→ Provided material

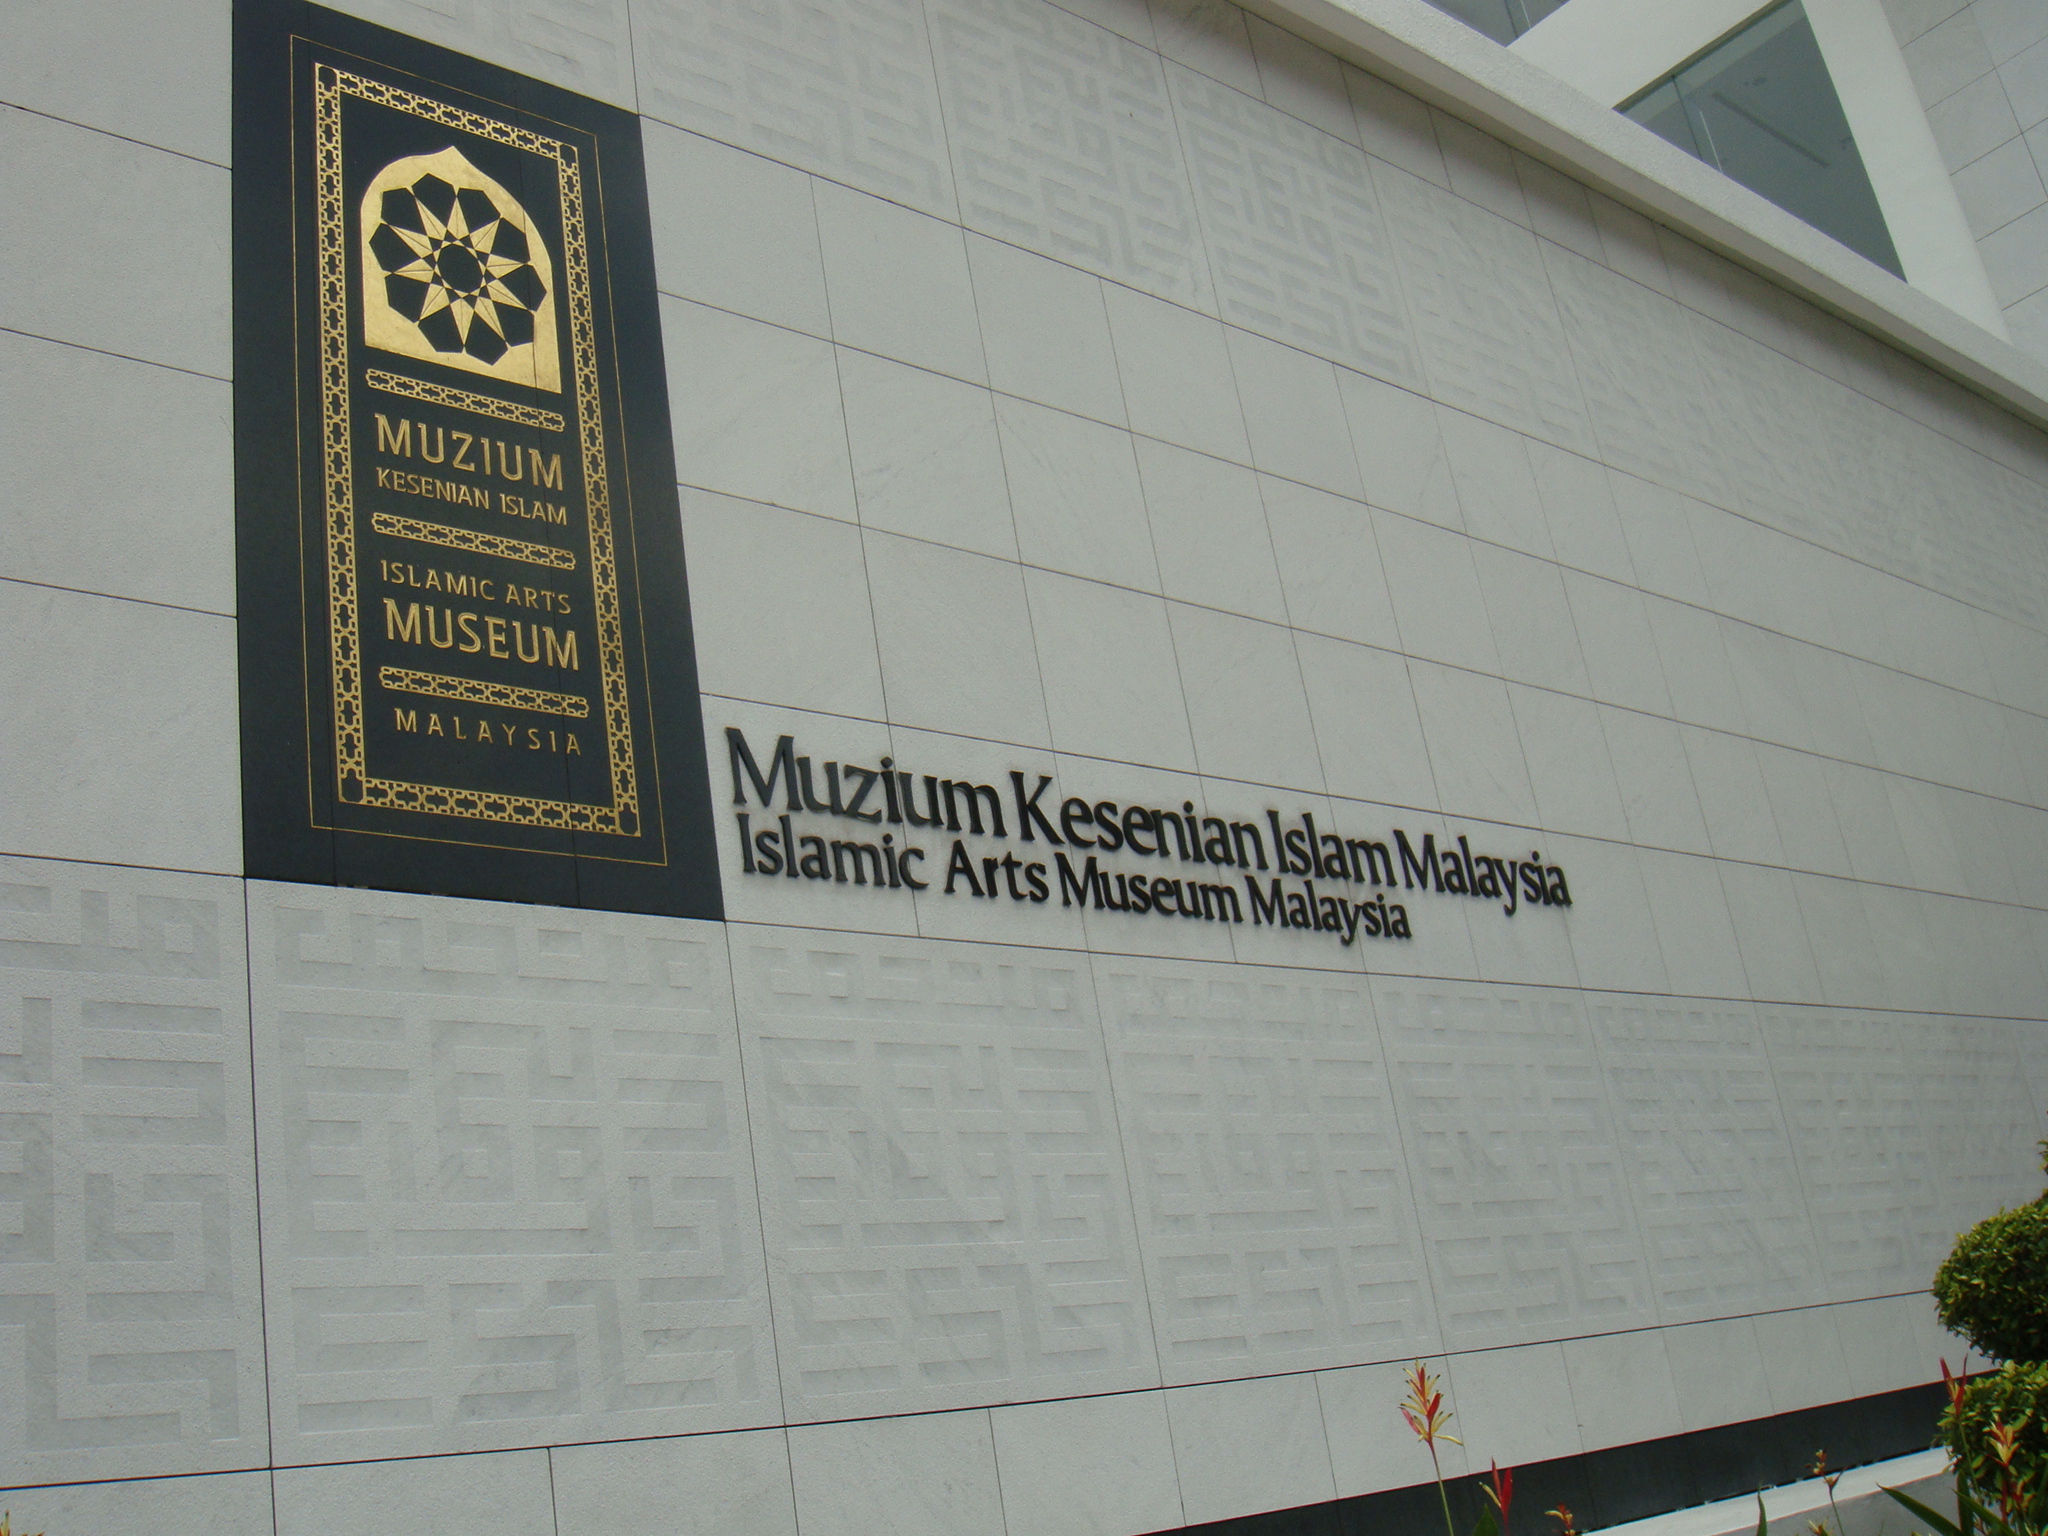 吉隆坡伊斯蘭藝術博物館外牆
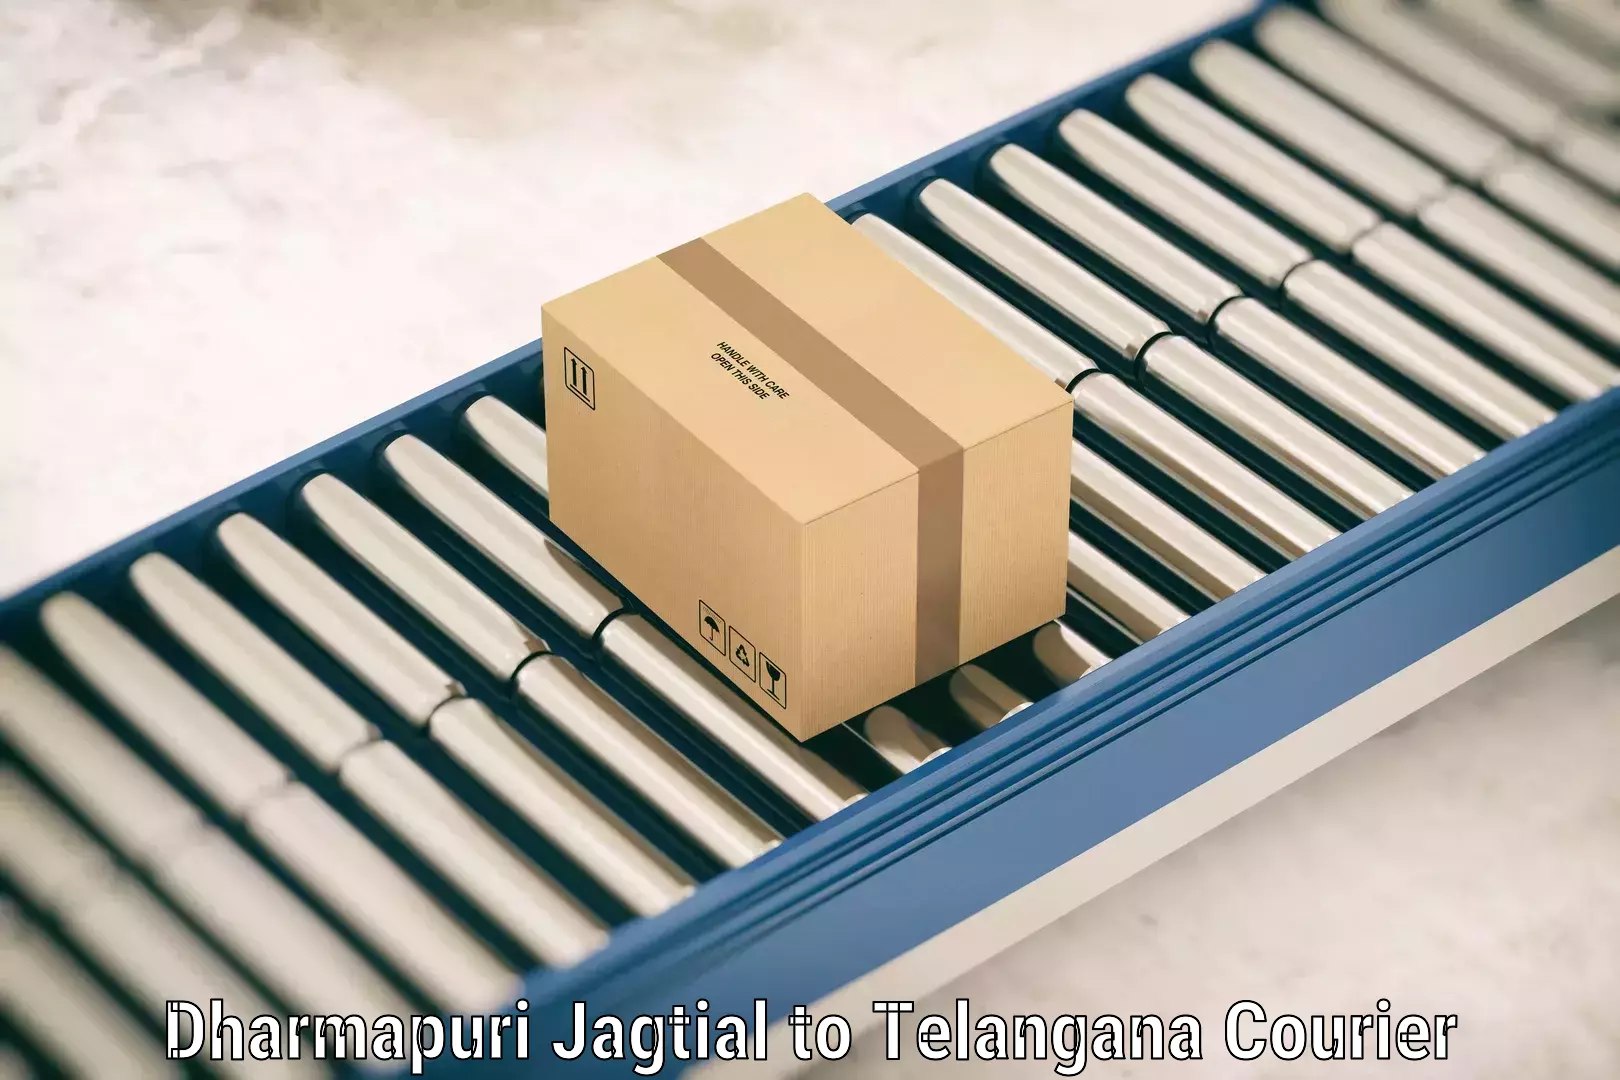 Digital baggage courier Dharmapuri Jagtial to Choutuppal
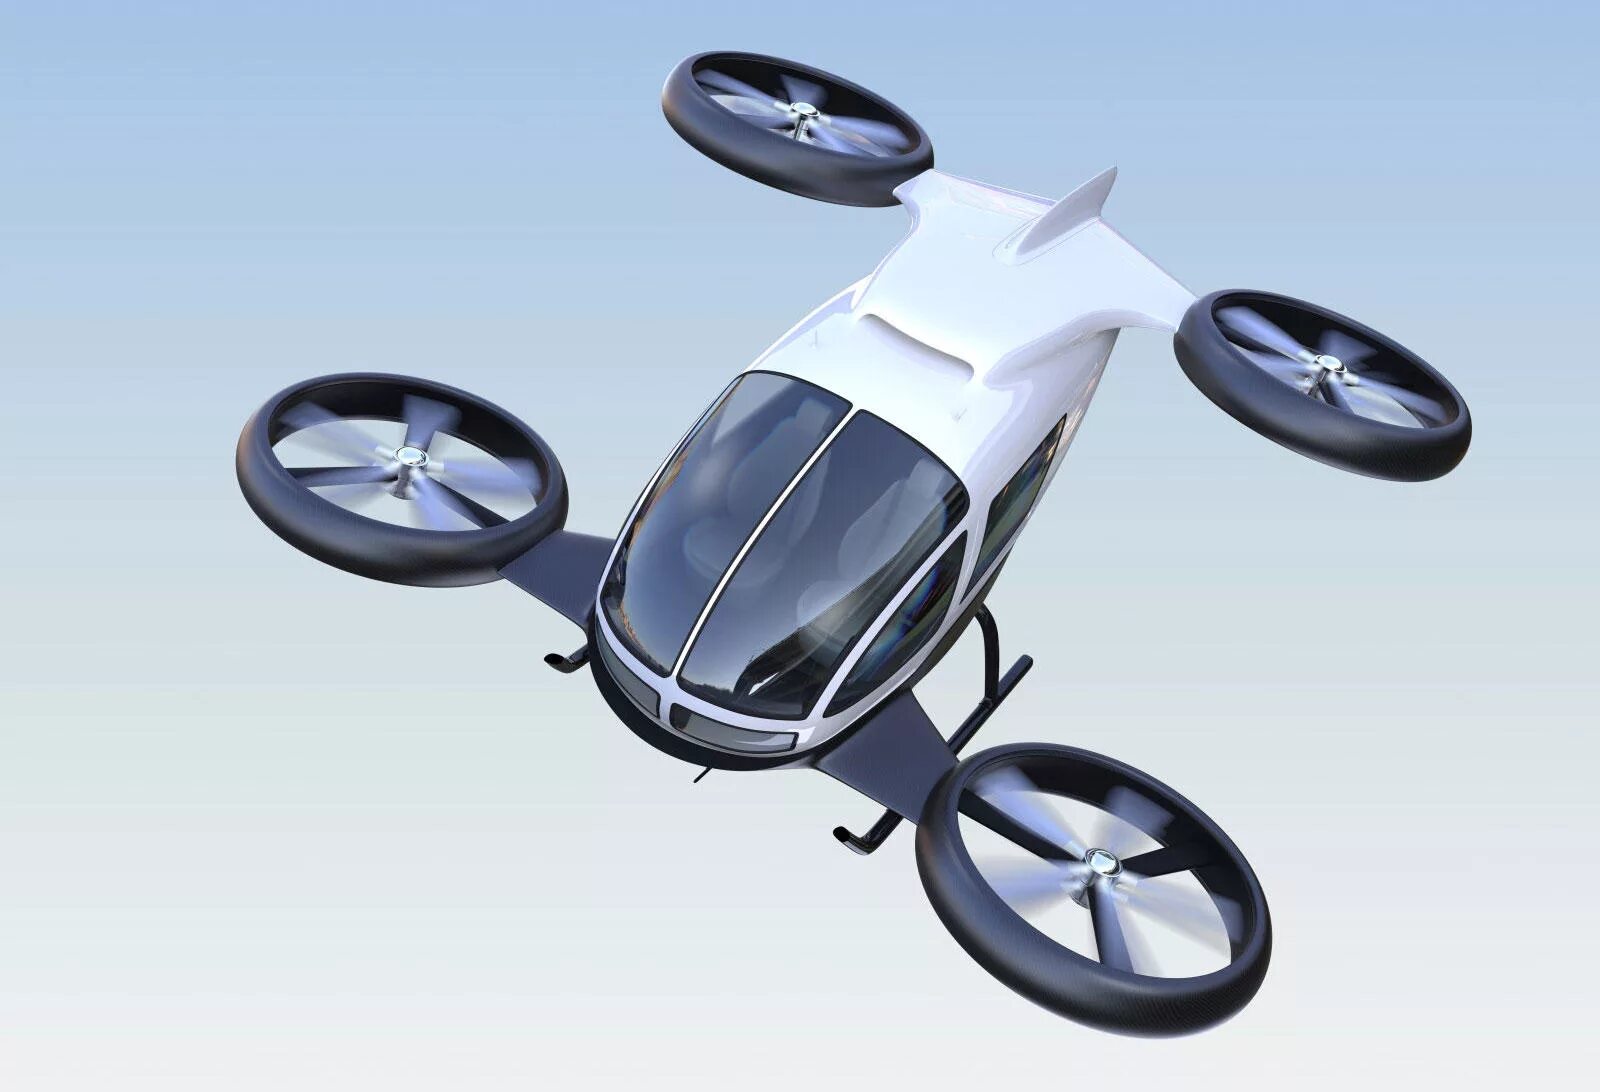 Летающая машина. Летающие колеса. Летающие аппараты будущего. Транспорт будущего. Модели летательных аппаратов

→ Prompt
A word-for-word copy of the data, without its pictures, is what is needed.

→ Response below
 吉隆坡伊斯蘭藝術博物館外牆
 Digital baggage courier Dharmapuri Jagtial to Choutuppal
 Летающая машина. Летающие колеса. Летающие аппараты будущего. Транспорт будущего. Модели летательных аппаратов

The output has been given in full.